Re: How to read a fixed length file in Spark using...

Nagendra · ‎10-29-2021

Find the below solution which can be used.

Let us consider this is the data in the file.

EMP ID First Name Last Name

1Chris M

2John R

3Amit C

EMP ID: starts at 1 to 10 characters

First Name: starts at 11 to 25 characters

Last name: starts at 36 to 25 characters

DOB: starts at 61 to 30 characters.

Step 1:

Load the file into a dataframe with the below options, this will create a data frame with only one column and all rows:

DFSchema = "single_col string"

Df = (spark.read

.option("header",False)

.schema(DFSchema)

.csv(file_path)

)

Step 2:

Now the single column has to be broken into 3 columns. Follow the steps below

Option 1: Create column by column manually

Df = (Df.withColumn(“EMP_ID”, Df.single_col.substr(1,10))

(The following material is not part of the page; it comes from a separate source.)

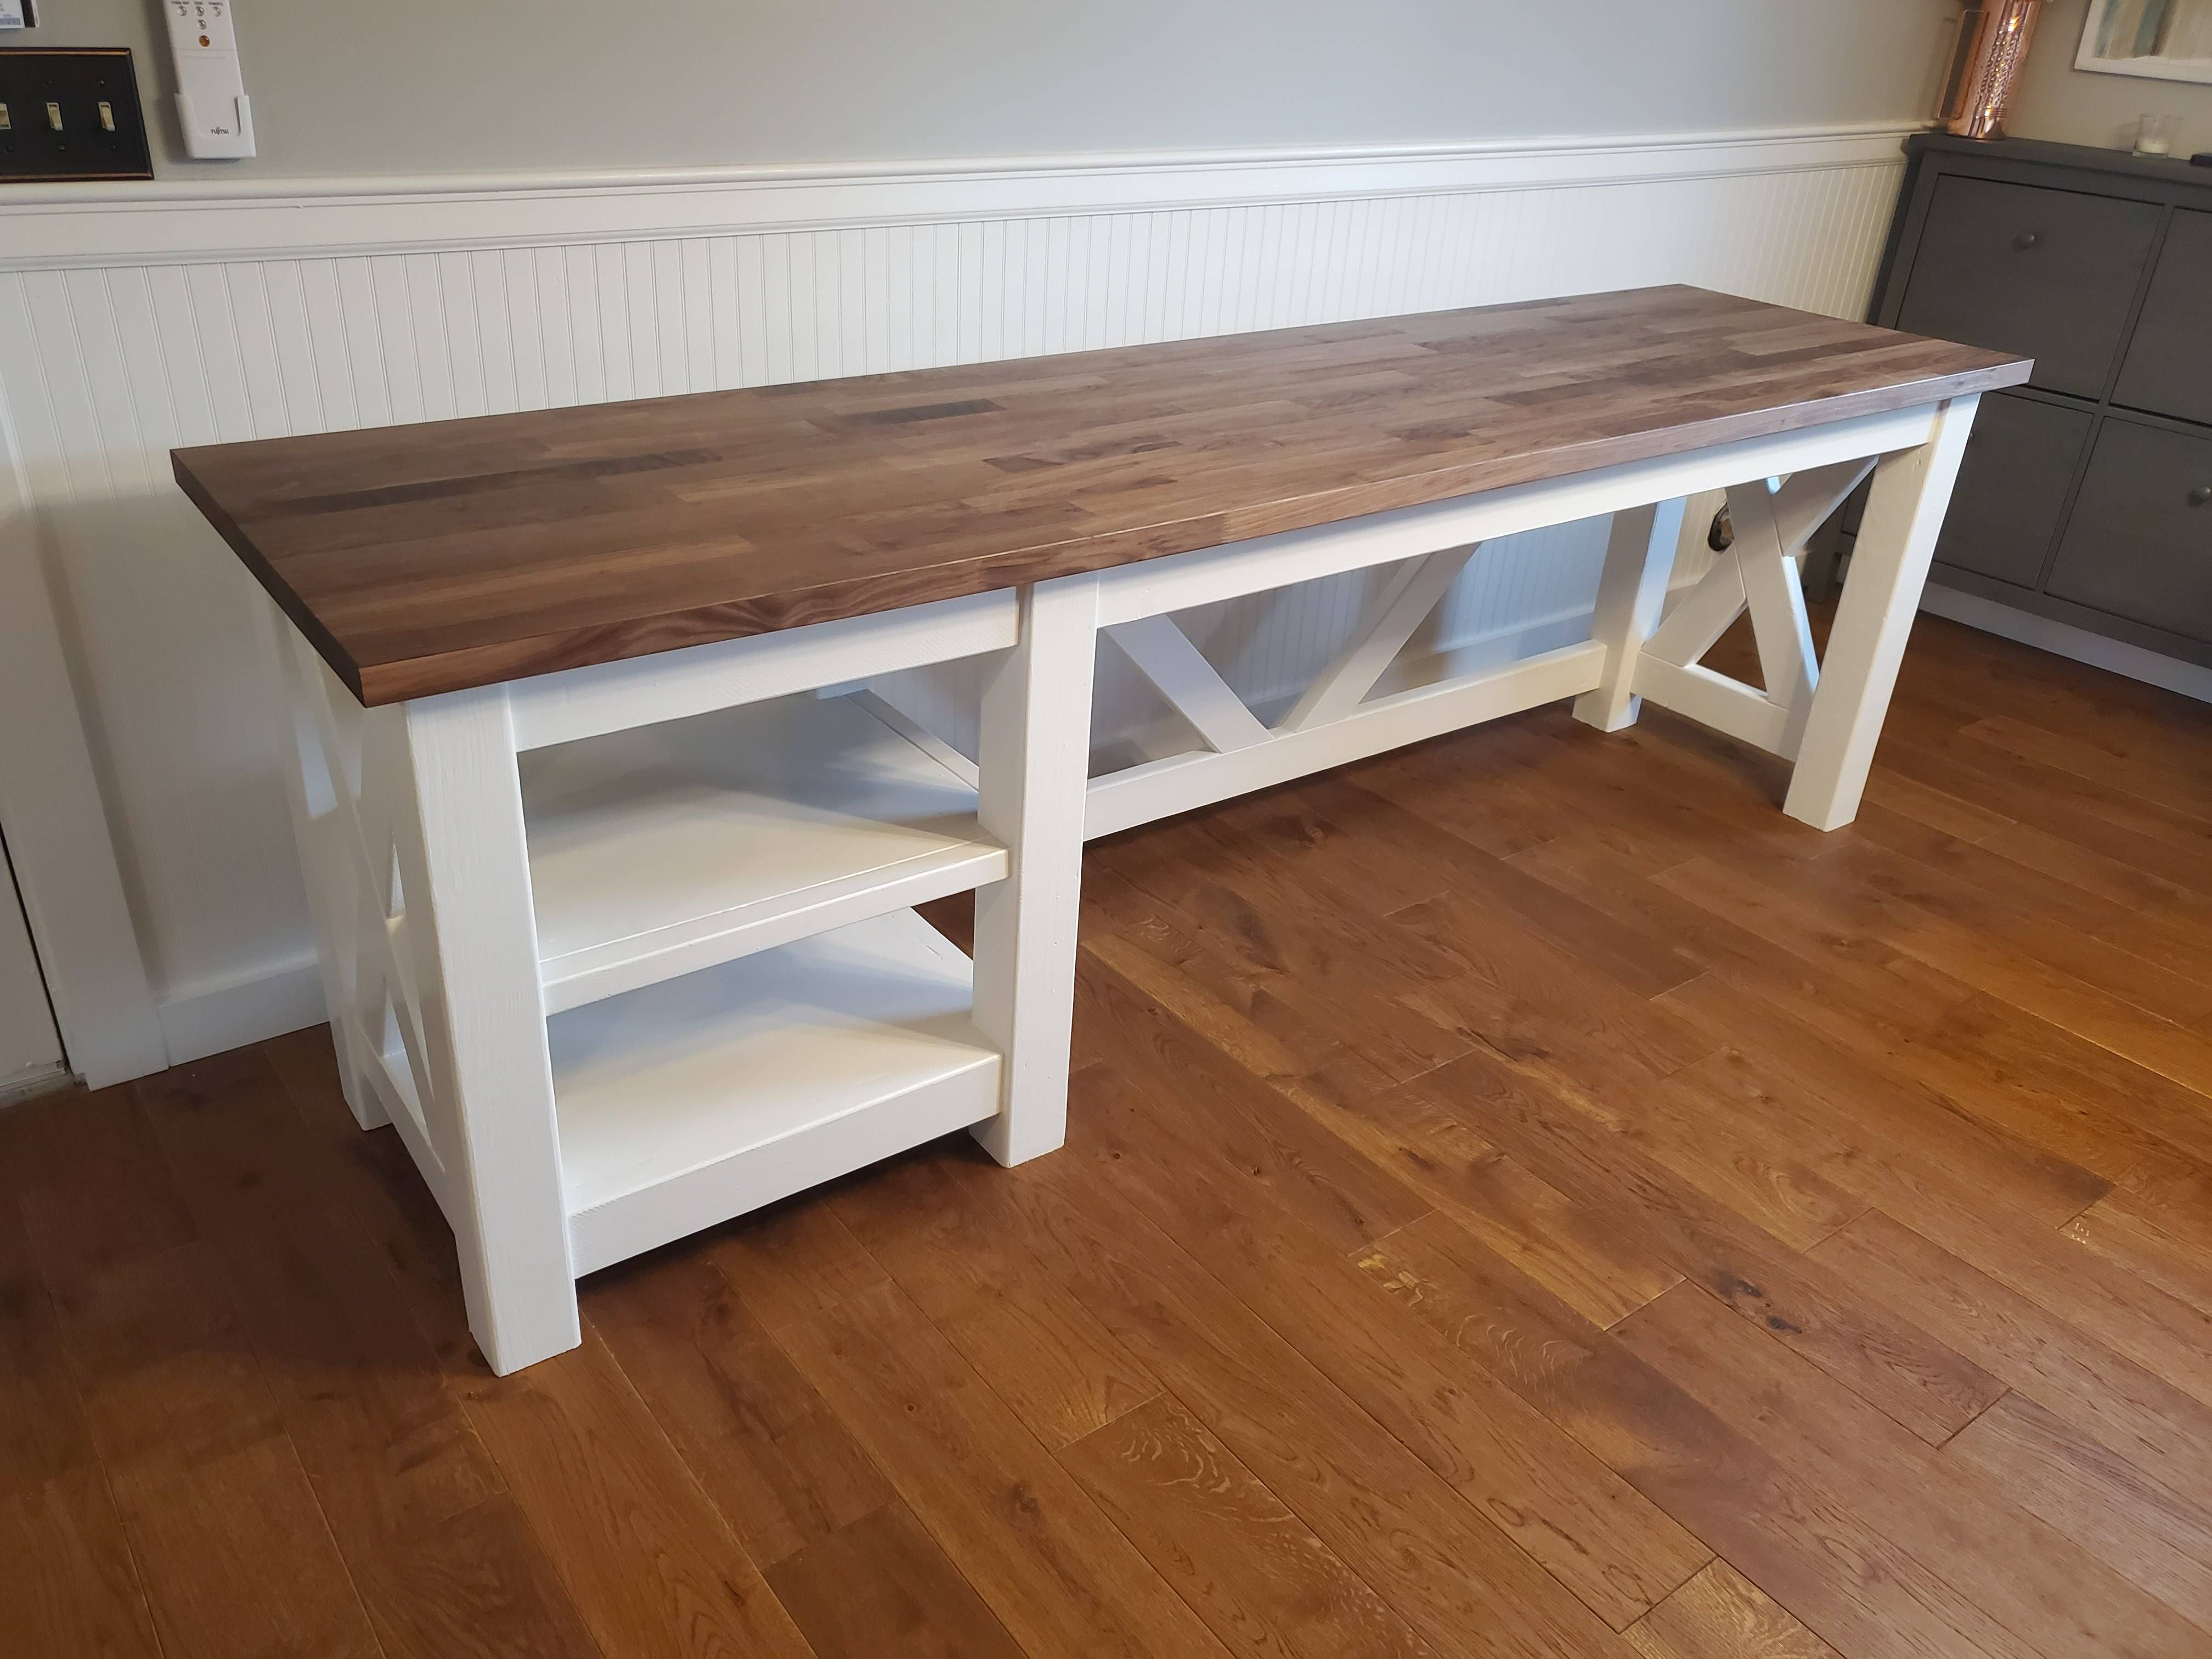 Built A Farmhouse Office Desk Using An Ikea Butcher Block Countertop Just In Time For Quarantin In 2020 Ikea Butcher Block Butcher Block Countertops Butcher Block Desk

.withColumn(“First Name”, Df.single_col.substr (11,25))

.withColumn(“Last Name”, Df.single_col.substr(36,25))

)

Option 2: Create columns pro-grammatically

Define the column length details:

Col_Details = [(‘EMP_ID’,(1,10),(‘ First Name’,(11,25)),(‘Last Name’,(36,25))]

Using loop separate the column programmatically:

for col_info in a:

df = df.withColumn(col_info[0],DataFrameReader.value.substr(col_info[1][0],col_info[1][1]))